Monday, April 26, 2010

A New Country

Sometimes now when we walk around, we have to stop and literally smell the flowers because we feel like we're in a different place than the one we arrived in back in late December. As closely as we've been watching every leaf and blade of grass, the flowers seem to have sprung fully grown from the earth. It's so wonderful to look at the perennials and know that they were lying there in wait throughout the winter. Spring is the season where it's easier for me to imagine a humanity in common: everyone throughout all time surely must marvel at a sight such as this one. (Mac would give you a lot more on the historical specificity of the tulip and its importation from Turkey and the tulip follies of the Netherlands, but let's just go universal on this one for now).

At the risk of being repetitive of the same scene, here we are in front of the same idea of flowers. We decided to start out wanderings close to home today, visiting Ploermel. Mom wants to play the Combat des Trentes board game (!), so we felt that a visit to Ploermel was absolutely necessary. We went to what is officially my favorite restaurant there, the Jardin des Saveurs (really nice owner, cool little innovations involving things like polenta and sweet potatoes) and then tooled around, winding up here facing the World War I monument with Saint Armel church behind us.

I've been wanting to write about Saint Armel for a good long time. This incredible wooden vault alone would be enough, but the church has fascinated me for a long time. First, from the outside, where its stones virtually writhe with winsome and whimsical creatures, and now, from the inside, where more fantastic beings creep along the wooden beams and grin to each other across the vault. Ploermel is a wonderful stop on the way to the Broceliande forest (this is what I did with Gretchen during her visit), which is the home of so much Arthurian legend itself rooted in pagan lore, and I can't help but think, when I see these wonderful carvings, that the forest, its nature, its legends, and its folklore are not too far when one is here. Can you see that the ends of every beam are held within a snarling dragon's mouth? Harder to see, but oh they're there, are the musicians and acrobats and peasant women, the two-headed dogs, the crouching dragons, and the comical bulls.

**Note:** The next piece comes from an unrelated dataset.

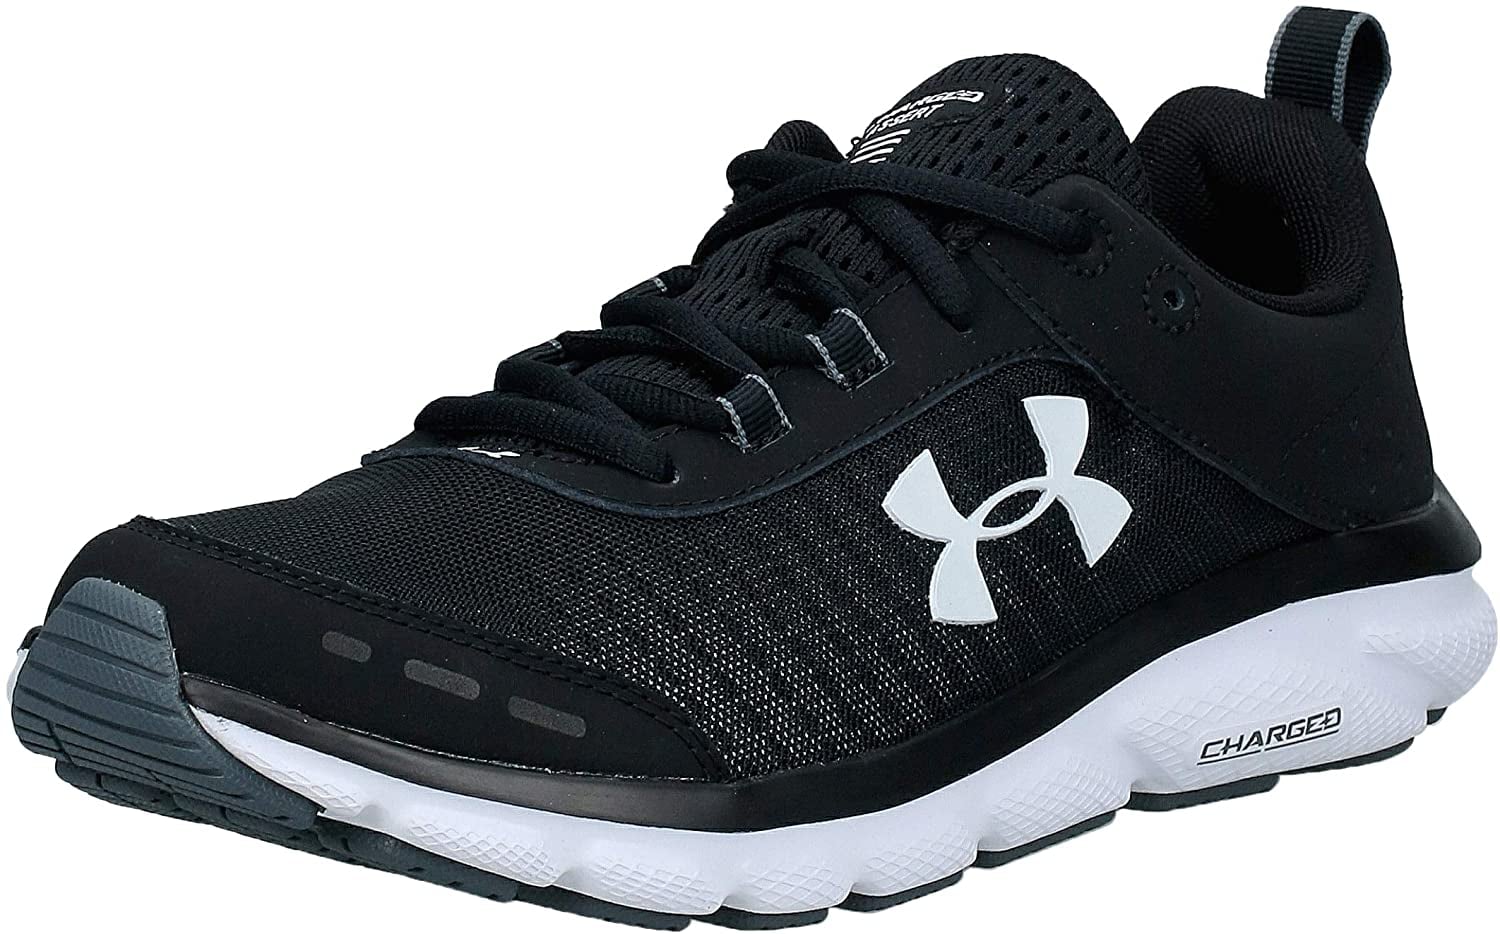 cute under armour shoes

There's clearly been some wonderful renovation work done here (the entire central vault and most of the aisle vaults have been restored I would think), but this one beam seems to have been left as is (very much so: do you see the cobwebs?). It forms what may or may not be a structural column that joins the wooden vault to the stone column below and depicts a dragon vomiting forth a wooden column which is then "picked up" by the crouching angel in the capital. It is so rare to find a wooden vault in such marvelous condition, let alone this vestige here. To me, it speaks to just how alive these edifices were: architectural elements whispered to each other, sections yawned and stretched to find each other, and the entire space became an enormous, alive creation, housing and reflecting the wonders of divine as well as mortal creation - and, perhaps most importantly, commemorated the creations in between the divine and the mortal: those of the human imagination.

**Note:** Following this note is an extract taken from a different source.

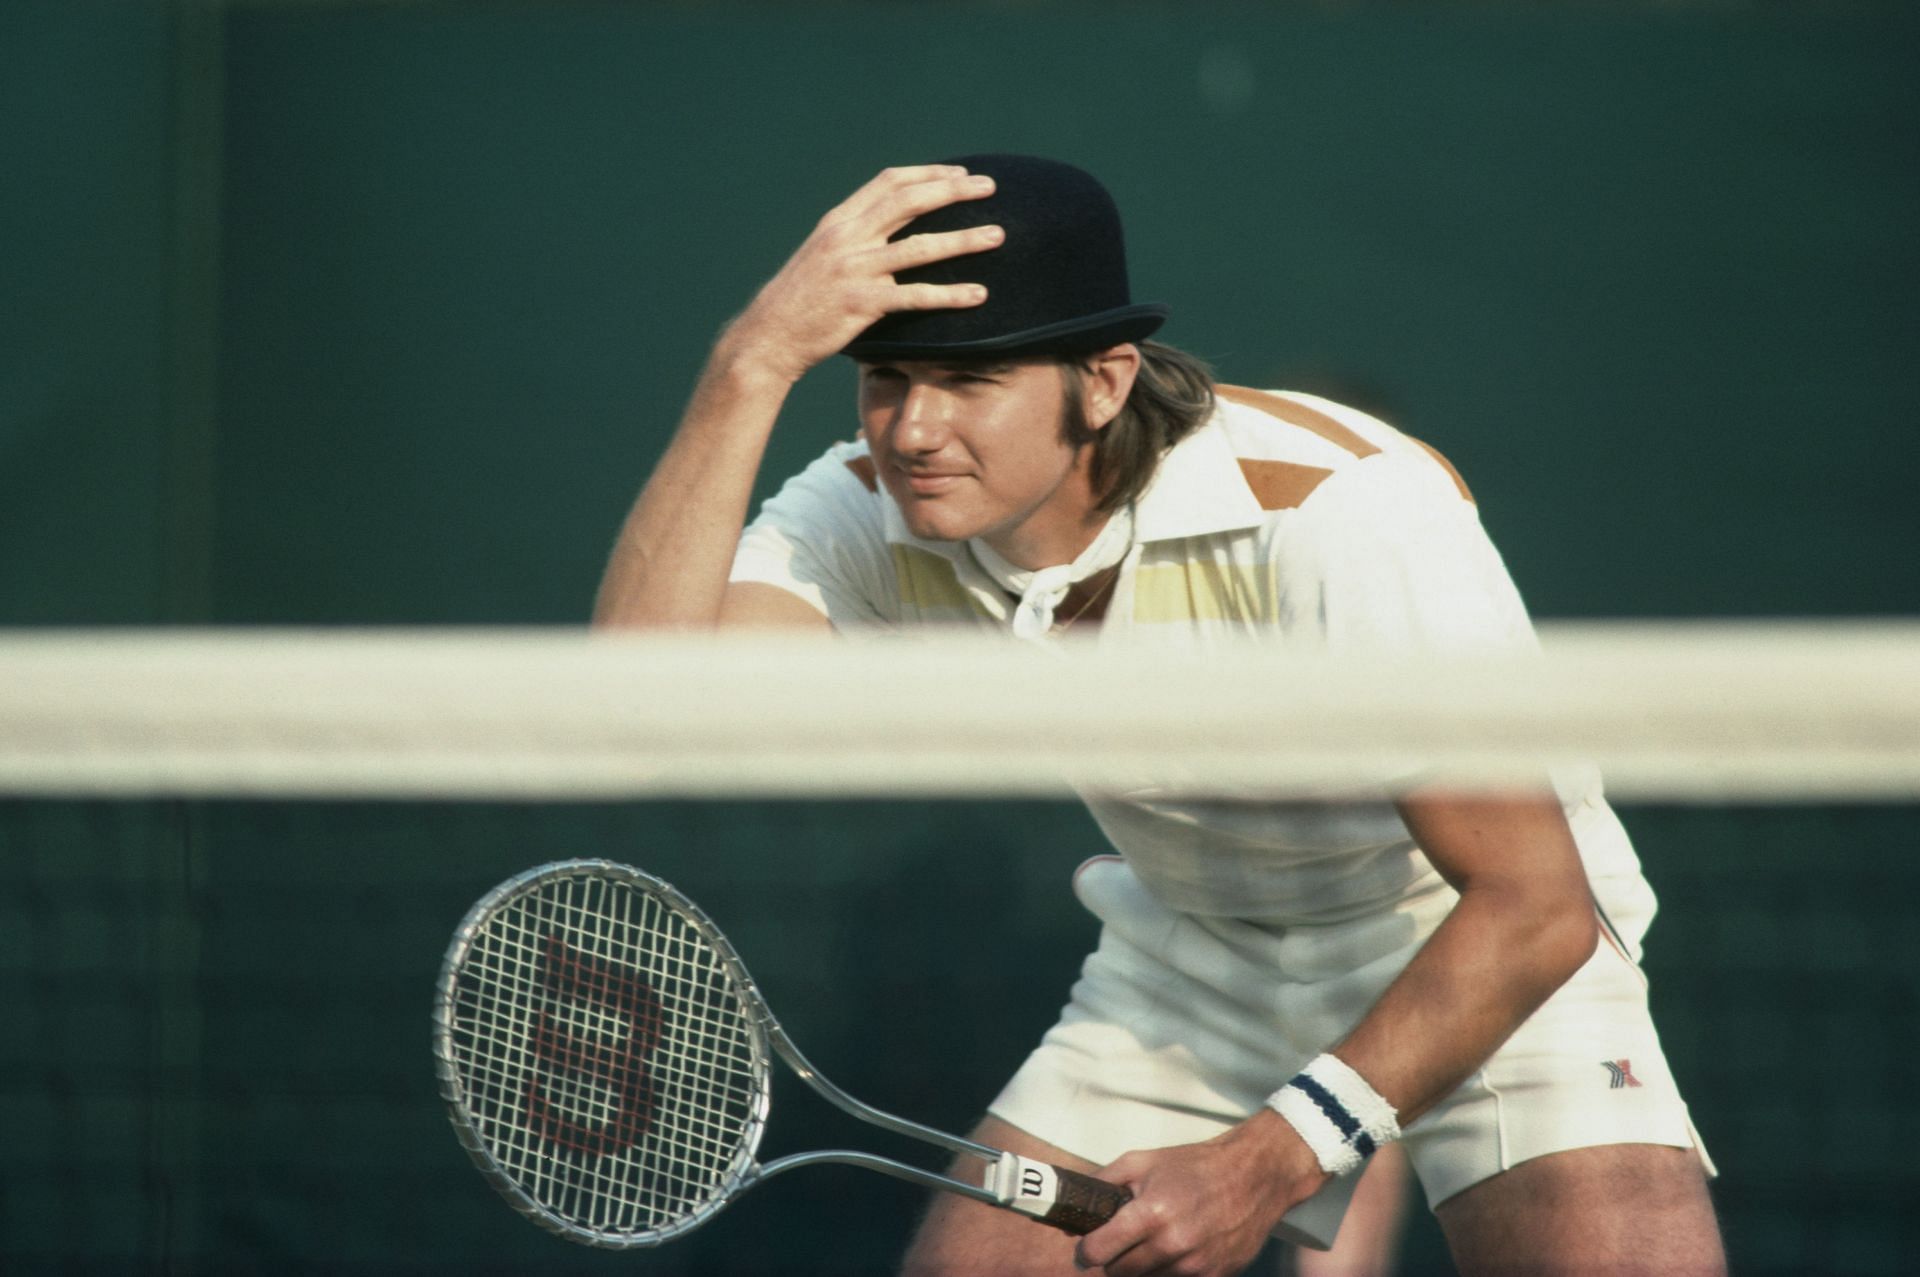 Jimmy Connors at the Wimbledon Championship in 1976

I need to bring the children inside Saint Armel someday. For today, it was such a joy to pick them up from school - Iris is to the left jumping up and down with excitement (it was chicken cordon bleu for lunch and the weather was gorgeous and they're still learning a little bit more about Africa, so hoorah!). Iris and Oliver both had a bit of a "cafard" this morning (hard getting going, hard letting go) - Eleanor on the other hand, was raring to go. Language note: both girls came home speaking up a storm of French - it was like 0 to 60.

We walked home past the goats and Iris, who favors the little one and was trying to give it some dandelions, said to the big one "Non, c'est pas pour toi, c'est pour la petite." (No, it's not for you, it's for the little one). Because these goats speak French, you know. Isn't that great? So it's this sunny day, and we're in this beautiful new country where there is sunshine and flowers line your every path, and I'll confess to missing the coziness of the Brittany that we made ours in the winter months, but oh the worlds that await us now!

And so I leave you with more flowers, here framing the Colonne des Trente (not even remotely the same site that we visited in January!). We missed the anniversary of the Combat itself (mid-March I think it was), but now..... to the board!